▸ **TASK**
Give the listing again word for word. Leave every image out.

### RECORDED INFORMATION

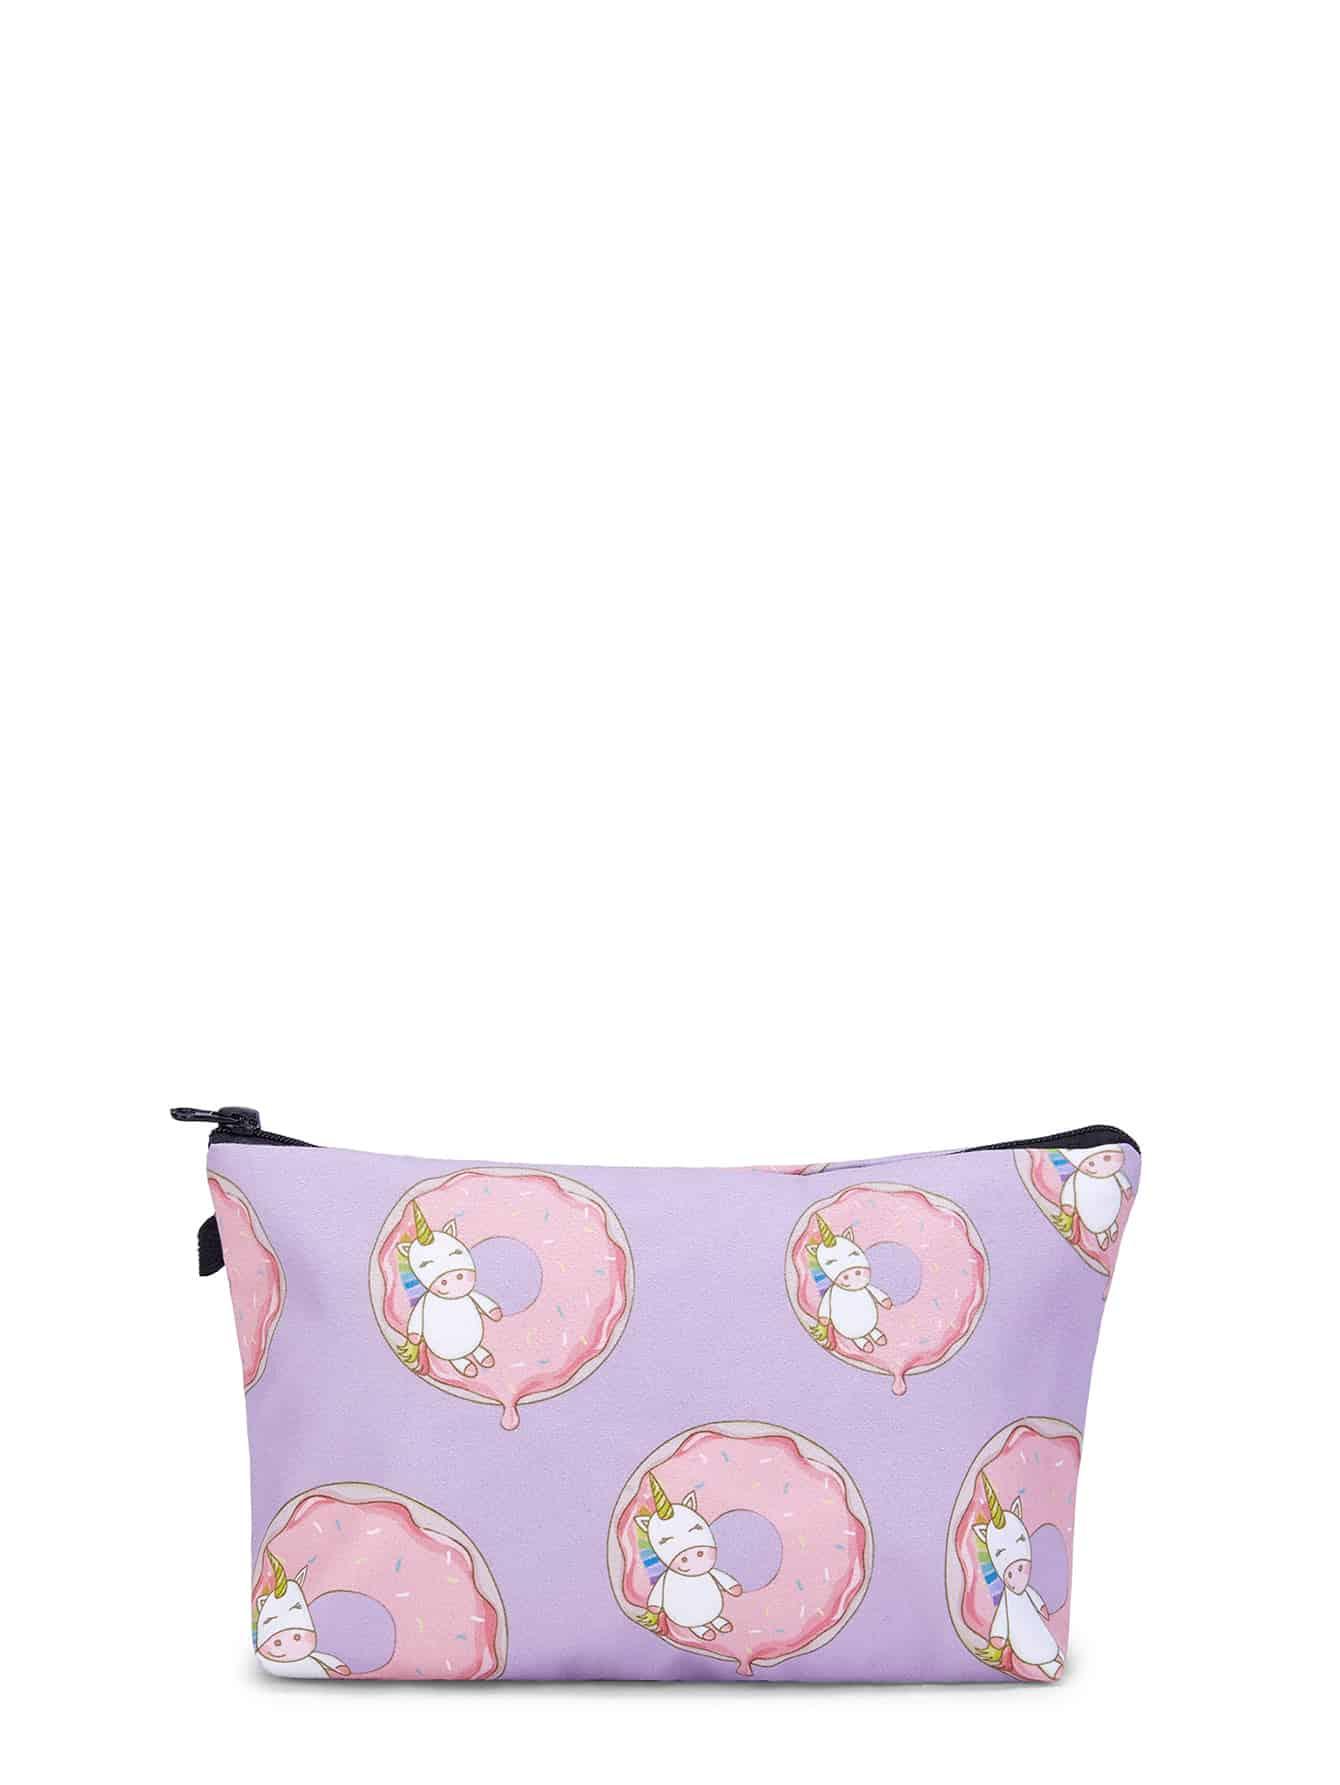 Unicorn & Doughnut Print Makeup Bag doughnut print pullover
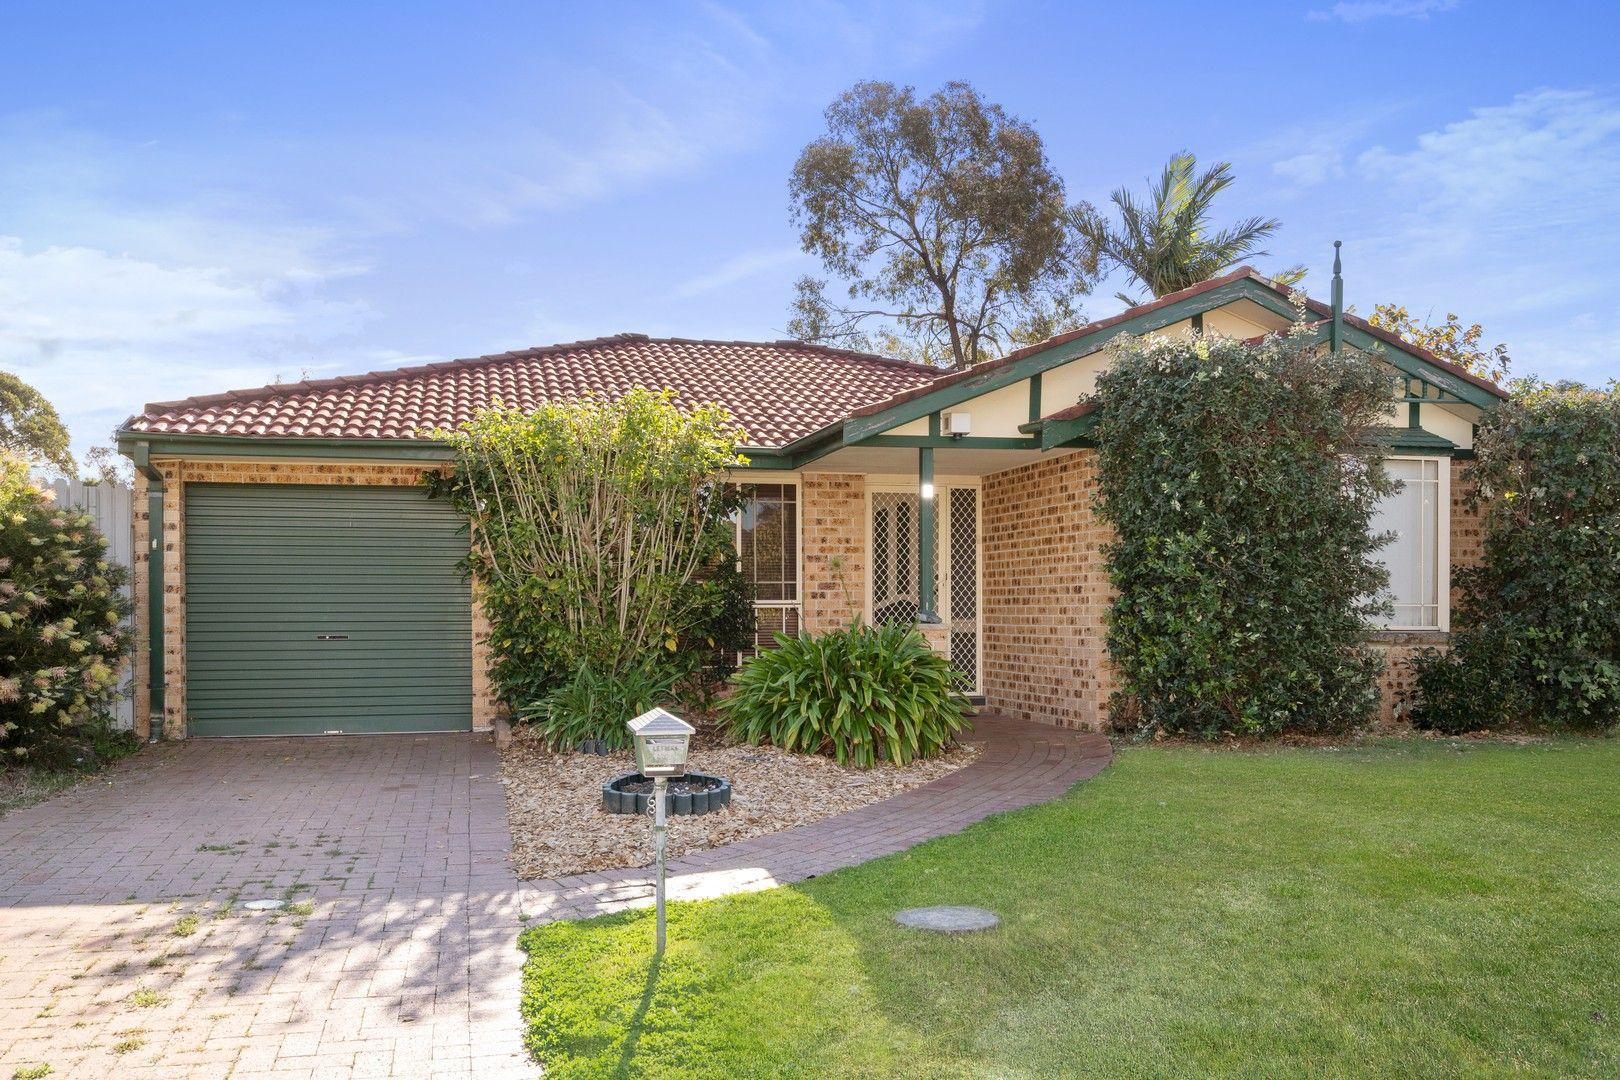 6 Corrin Court, Wattle Grove NSW 2173, Image 0
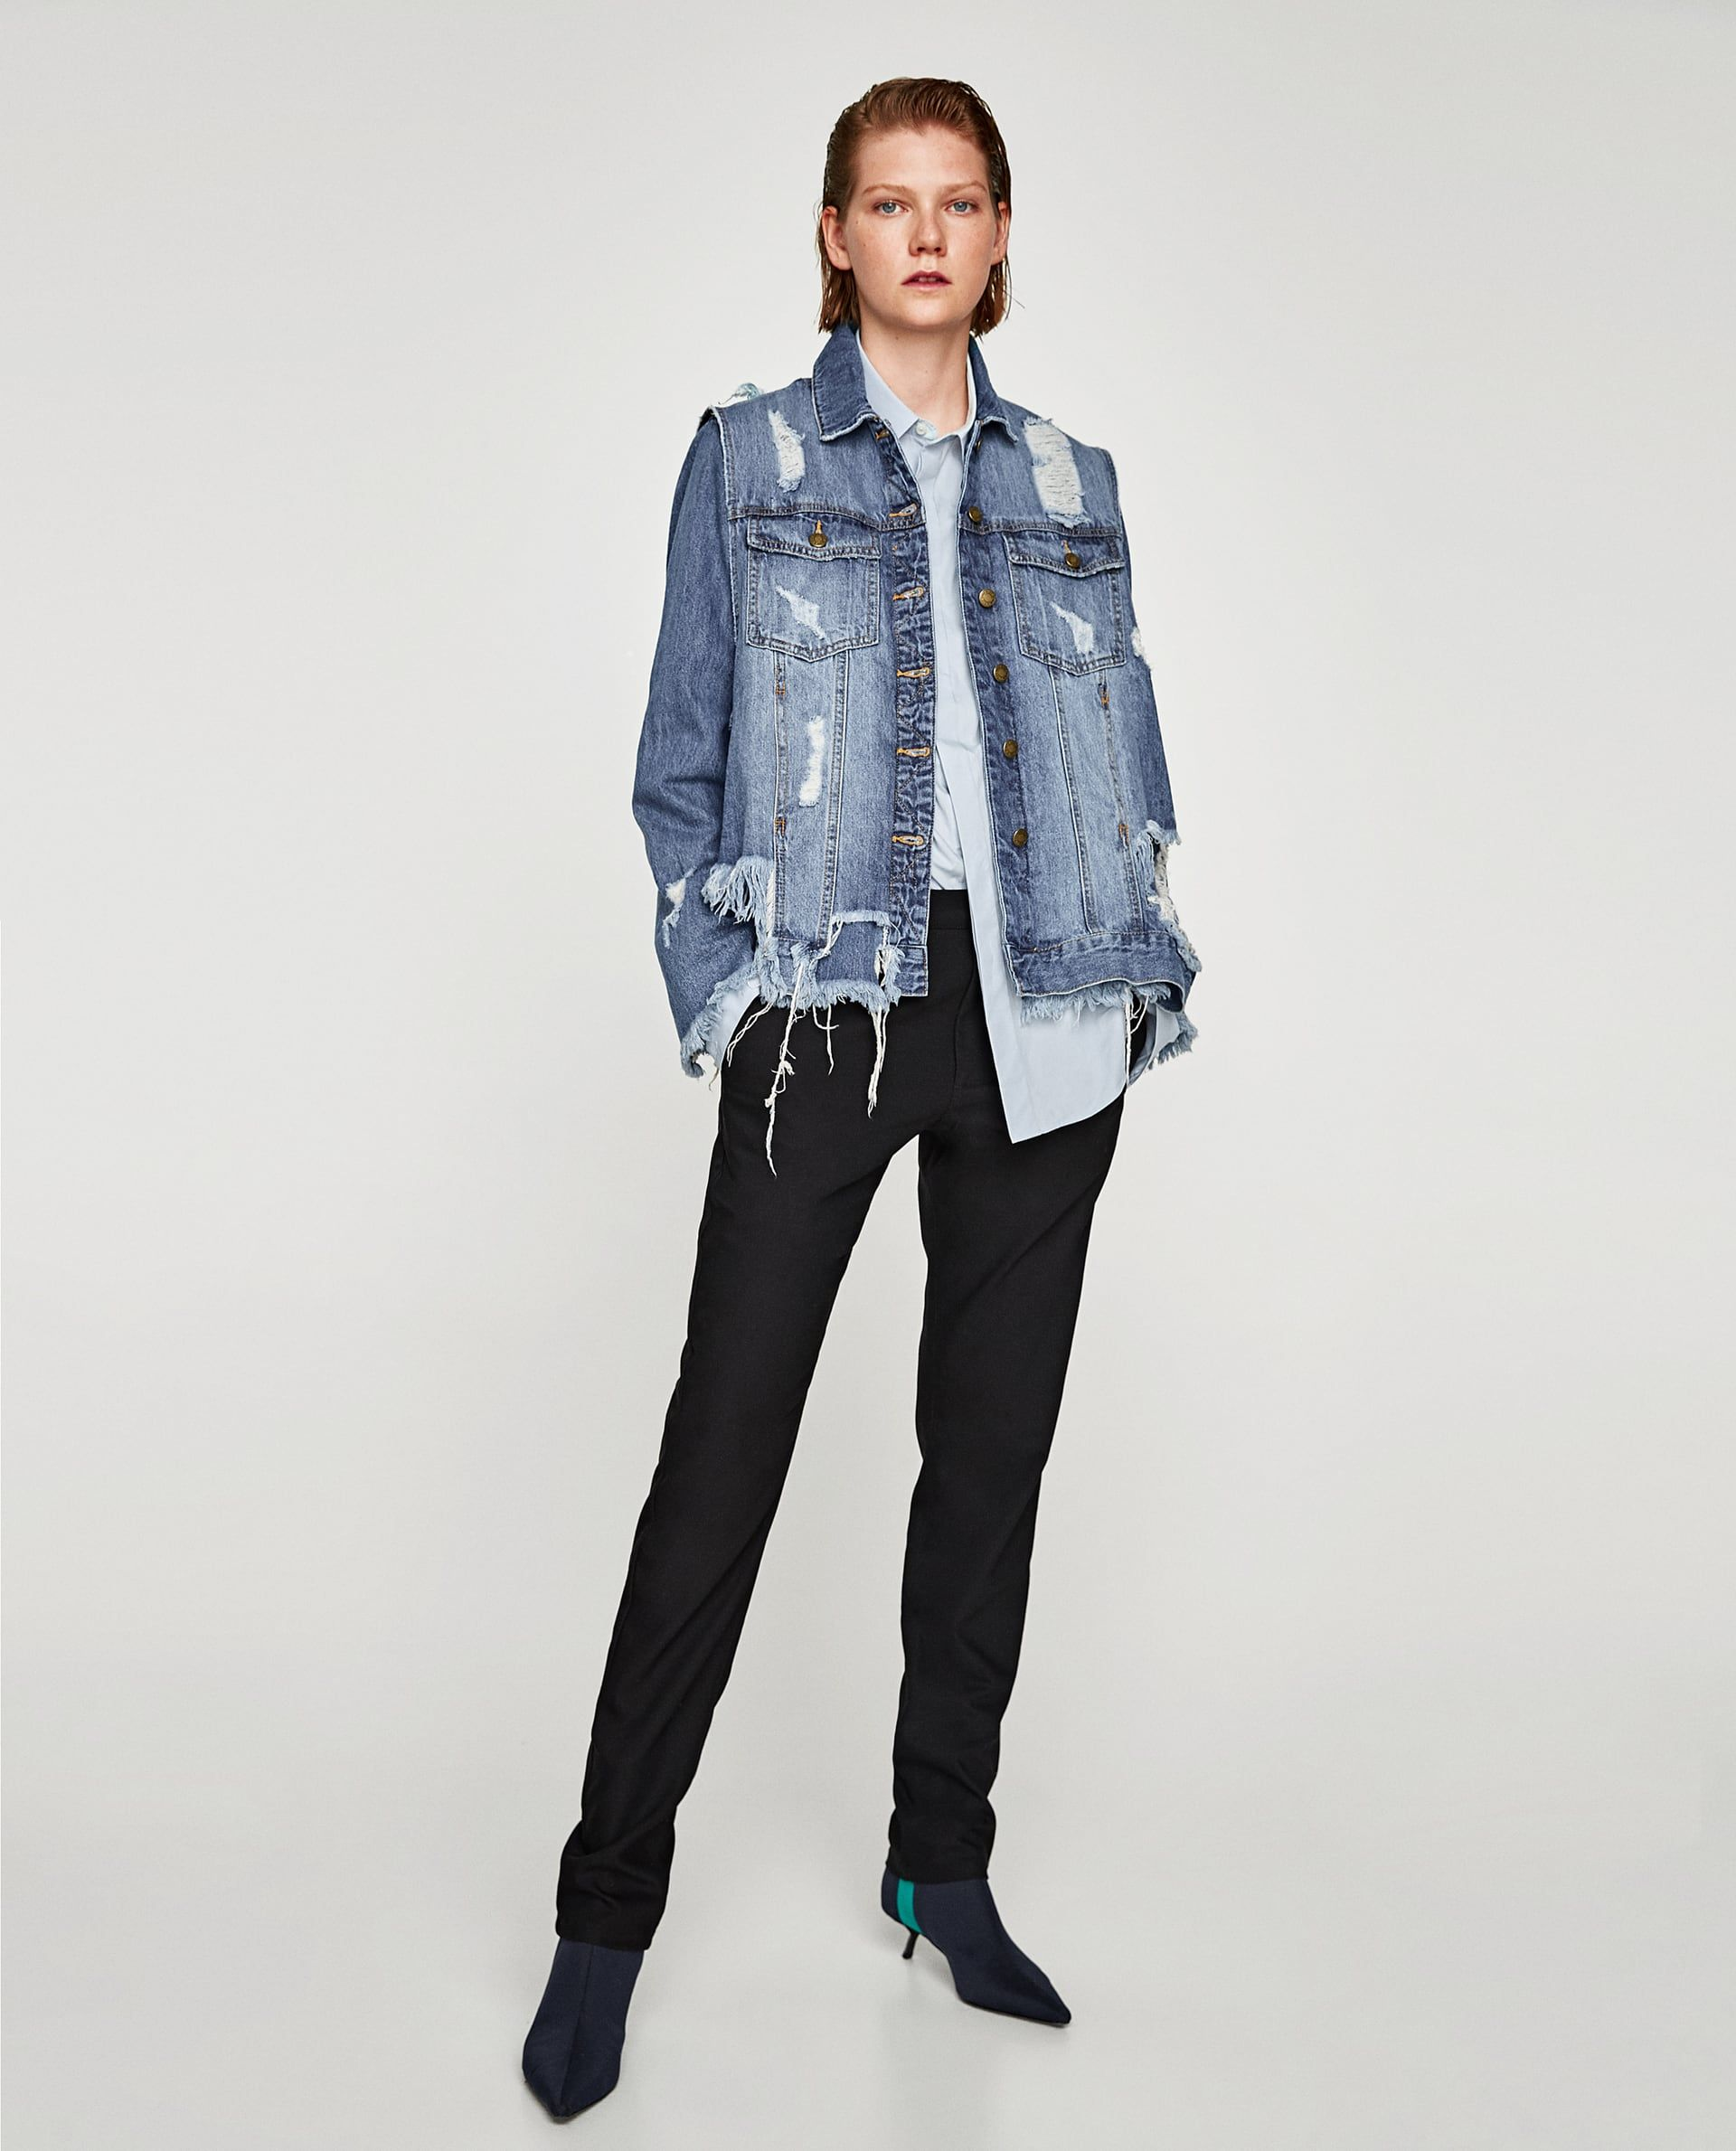 a7a6835e Image 1 of RIPPED DENIM WAISTCOAT JACKET from Zara Zara Denim Jacket, Denim  Waistcoat,

######

▸ **SOLUTION FOR THIS EXERCISE**
 Unicorn & Doughnut Print Makeup Bag doughnut print pullover
 6 Corrin Court, Wattle Grove NSW 2173, Image 0
 a7a6835e Image 1 of RIPPED DENIM WAISTCOAT JACKET from Zara Zara Denim Jacket, Denim  Waistcoat,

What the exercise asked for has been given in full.